Well, my personal view - on the basis of a whole 11 weeks' membership of the forums - is that people reply to off-topic posts for many of the reasons they reply to on-topic posts: they find the subject fascinating, they feel empathy (or maybe antipathy!) for the poster, they feel they have something to contribute.... And it is sometimes hard to remember what the original question was if the debate has swirled round a bit! 

That said, I do appreciate the reason for the off-topic rule. 

Respect and gratitude to all mods for keeping us unruly foreros in line

Loob


----------



## elroy

Loob said:


> [...] they find the subject fascinating, they feel empathy for the poster, they feel they have something to contribute.... And it is sometimes hard to remember what the original question was if the debate has swirled round a bit!


 I think you've hit the nail on the head.

I remember that back in my non-mod days I didn't pay a whole lot of attention to whether a particular post was on- or off-topic, mostly because - and this is not something I am proud of! - I figured if a post was off-topic the mods would deal with it, so I didn't worry about it too much.

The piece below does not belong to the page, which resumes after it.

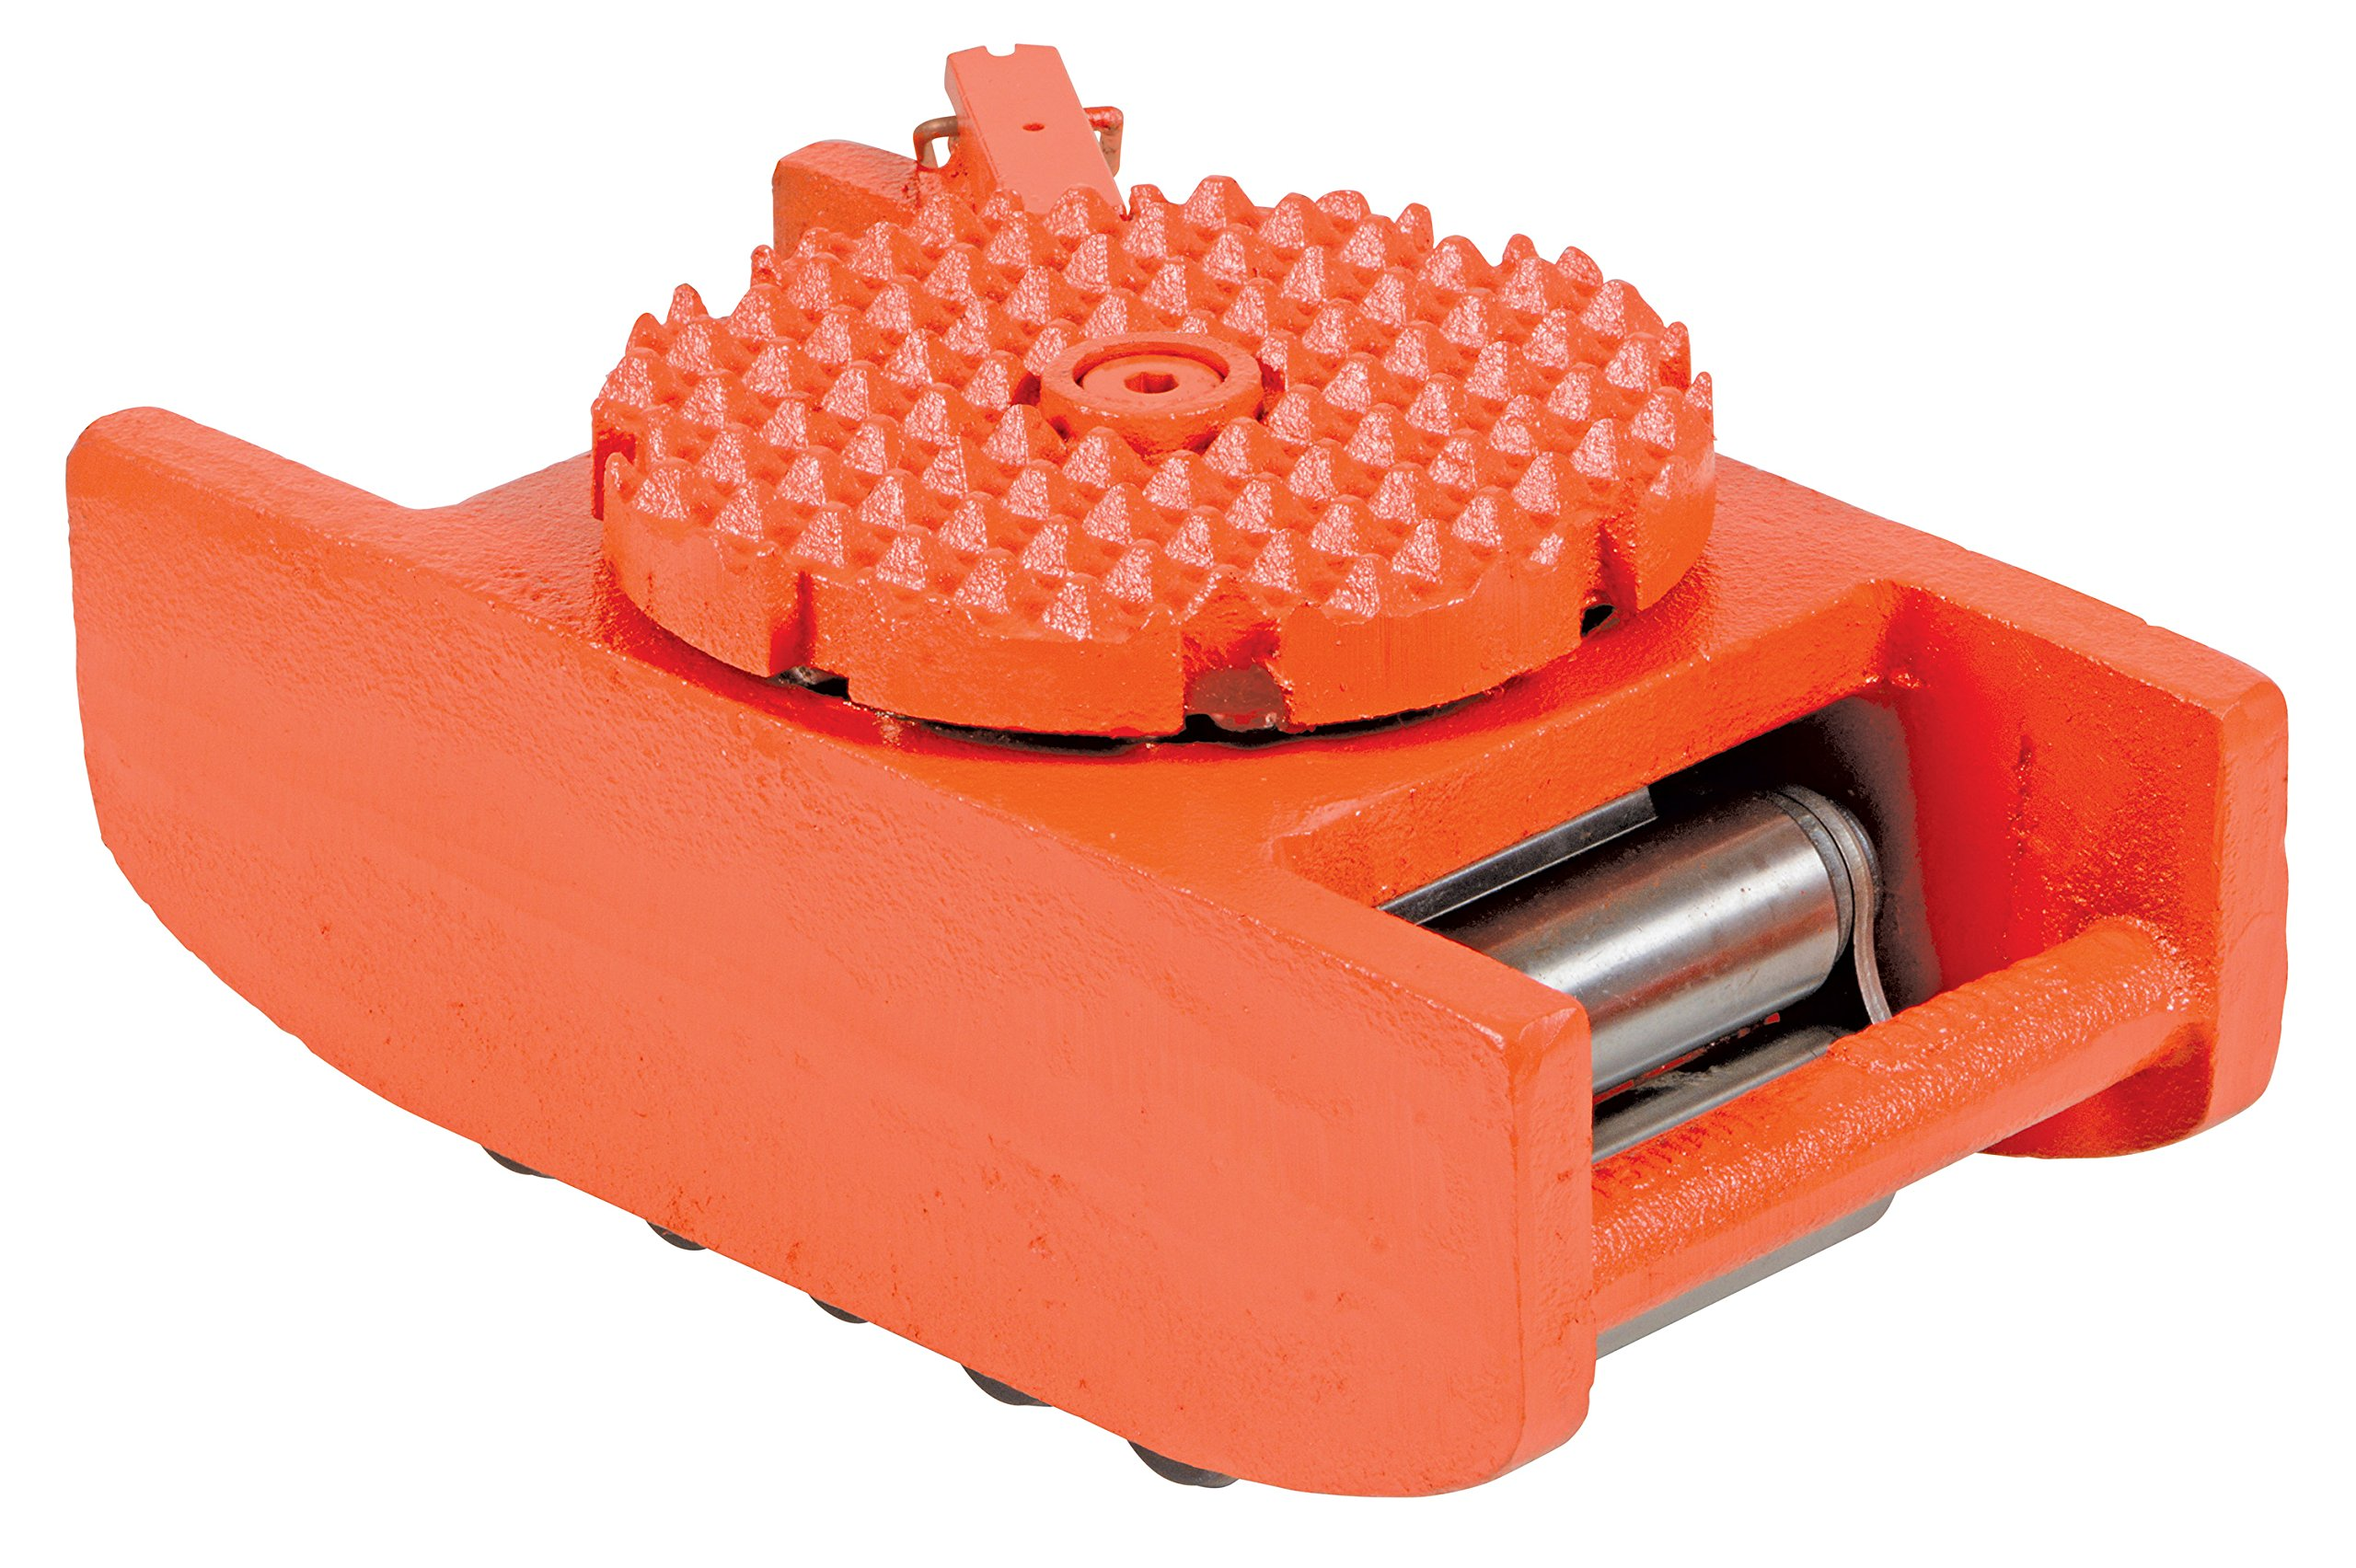 Vestil VHMS-15 Swivel Top Machine Roller, Iron Body with Steel Bearings, 15000 lb. Capacity, 4-7/8'' x 5-3/4'' x 10-1/2'' by Vestil

Because it wasn't my personal responsibility (at least not officially) to make sure that a thread did not wander off-topic, I simply read through threads and commented whenever I felt I should - regardless of whether the post I was responding to was a digression from the original question.  This meant that occasionally I responded to off-topic comments.

Obviously, since being a moderator things have become different, and having experienced both roles I strongly exhort all of our members not to behave as I did before I was a mod - the more you all police yourselves, the easier it makes our job!


----------



## danielfranco

Although the following comment is redolent of self-justification and rationalization, like so many other comments I've made before (and, indeed, read in these forums, also), I believe a few of us unfortunately have minds that seem to have a short attention span and will take the opportunity to make a comment to any reference, no matter how oblique, to whatever seems to surface in the muddy swirl of my (our?) undisciplined trains of thoughts (is this a correct double plural?).
We ought to know better.


----------



## .   1

danielfranco said:


> Although the following comment is redolent of self-justification and rationalization, like so many other comments I've made before (and, indeed, read in these forums, also), I believe a few of us unfortunately have minds that seem to have a short attention span and will take the opportunity to make a comment to any reference, no matter how oblique, to whatever seems to surface in the muddy swirl of my (our?) undisciplined trains of thoughts (is this a correct double plural?).
> We ought to know better.


Some people just veer off on a bit of a side issue while remaining relatively true to the intent of the thread.  This is wonderful and well allowed by most moderators and we can all learn.I often don't really know why I ask some questions.
I have a vague idea but it is not until the conversation has progressed and someone proffered a different view that I begin to understand my own question.
You need no justification.
You stick pretty close to the script.

.,,


----------



## panjabigator

I'd say people reply to an off topic post not with the intention of going off topic but to say something that they view as important.  Sure, it (perhaps) disrupts the continuity of a thread but it many times is somewhat relevant.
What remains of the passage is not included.